Few movies are as notorious as Heaven’s Gate. The movie was the idea of former Hollywood icon Michael Cimino and was his sequel to the well-regarded Vietnam War drama The Deer Hunter. Since it won both the Best Picture and Best Director Oscars at the 1979 Academy Awards, Cimino was given complete creative license to make Heaven’s Gate. The filming that followed was among the most tumultuous in movie history, going behind schedule almost right away due to an ever-rising budget.
Stories of Cimino’s autocratic conduct have gone down in movie legend; they range from his refusal to start production until the clouds moved into a position he liked to his insistence that an entire set is destroyed and then rebuilt because it appeared to be slightly off. Although it damaged his relationship with United Artists, Cimino persisted in following his vision and believed he was creating a masterpiece.
The ensuing three-and-a-half-hour movie was widely regarded as one of the worst ever created when it was first released. The response was so negative that the studio had the unheard-of choice to take it from cinemas, cut off an hour of content, and then release it again six months later. However, the damage had already been done. Aside from ending Cimino’s career, Heaven’s Gate’s box office failure is among the worst ever. It also put the hammer on New Hollywood, an American cinematic style that had reigned since the middle of the 1960s.

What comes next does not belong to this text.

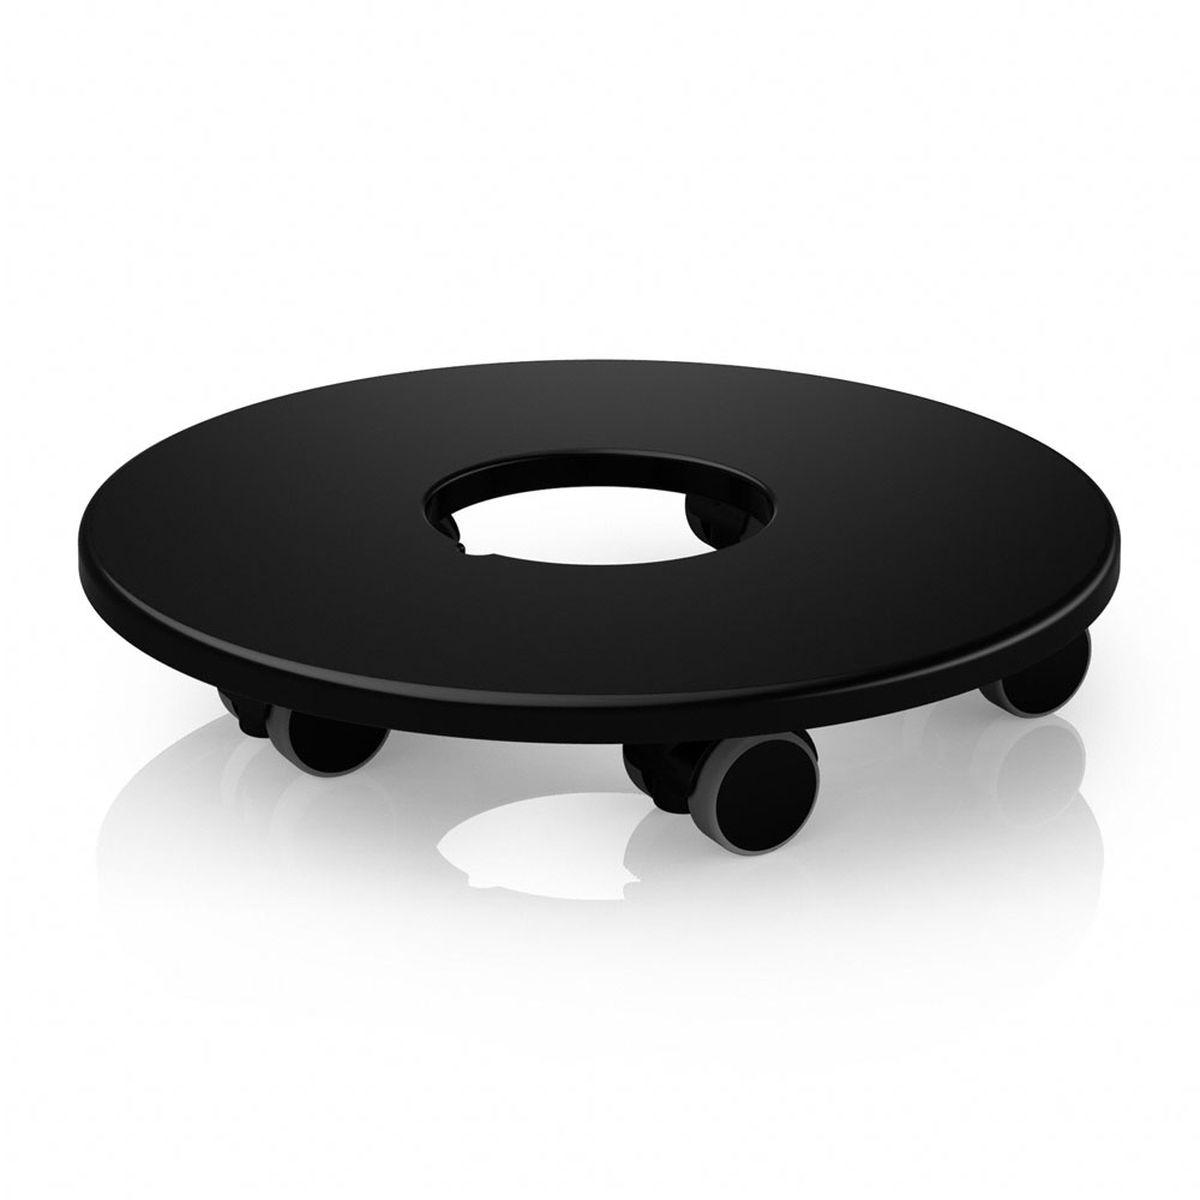 Подставка для кашпо Lechuza, на колесах, диаметр 25,5 см подставки для кашпо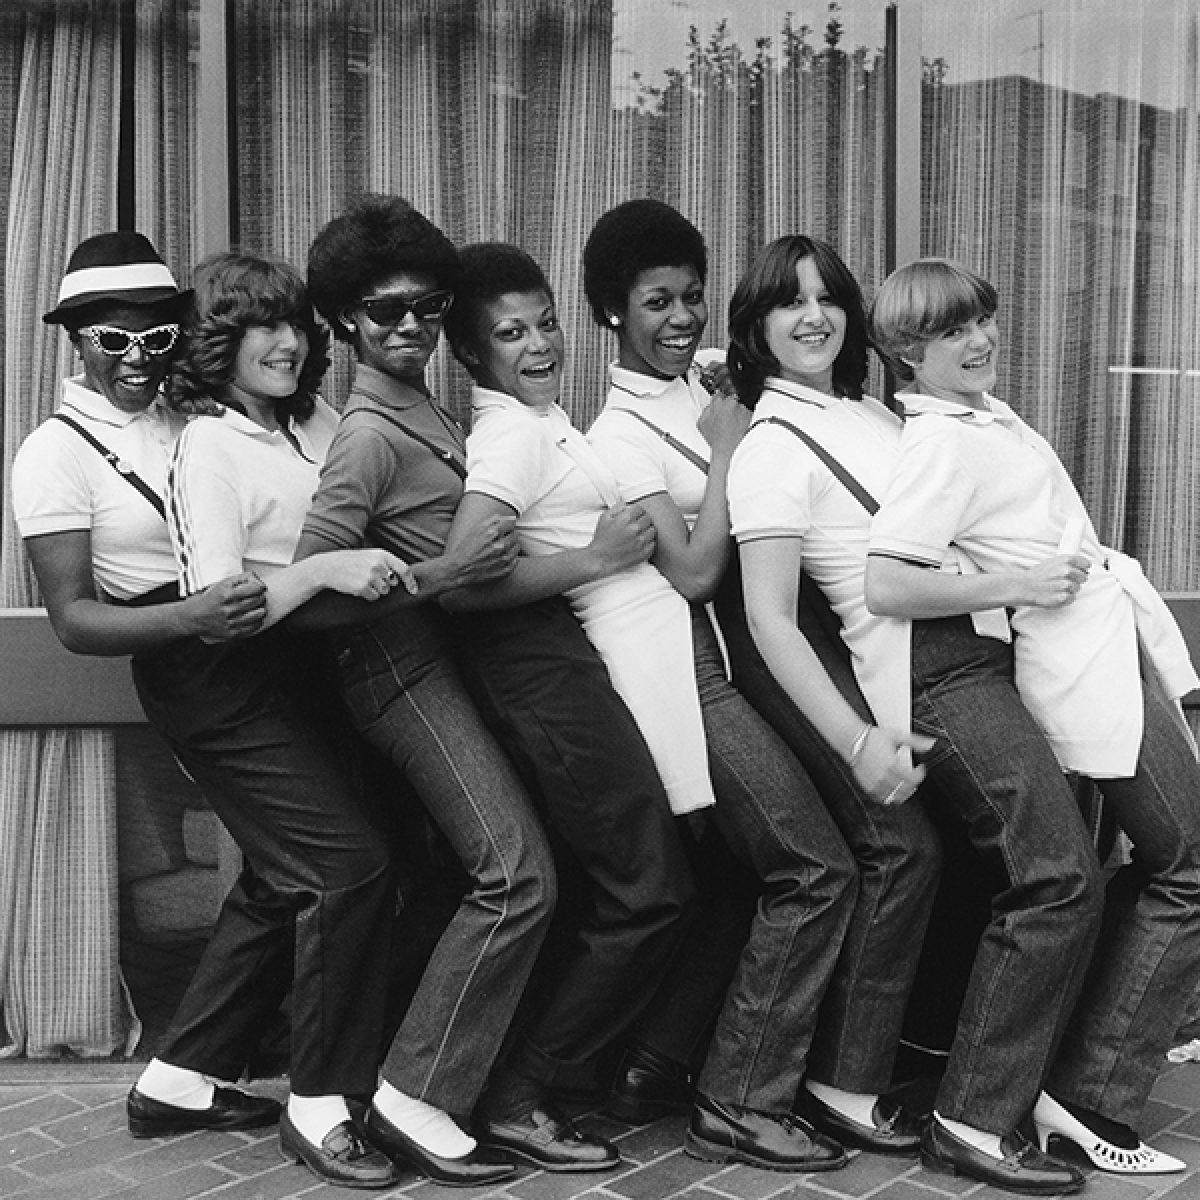 Ska Girls. Taken outside Friars, Aylesbury, 1980.

Some of America’s best minds were able to flourish in ways that the studio structure would never have permitted, yet this lack of constraint did not sit well with the producers due to its director-driven approach and unrestricted use of forbidden themes. The absolute failure of Heaven’s Gate provided an instantaneous response to the significant concerns about the viability of the movement that the dreadful making of Apocalypse Now generated, along with a rising number of box office failures. There aren’t many movies that can claim to have ruined a whole style of filmmaking, but Michael Cimino pulled off the unthinkable by turning Heaven’s Gate into a stinging indictment of artistic arrogance that demonstrates why putting creative constraints on large-scale productions is important.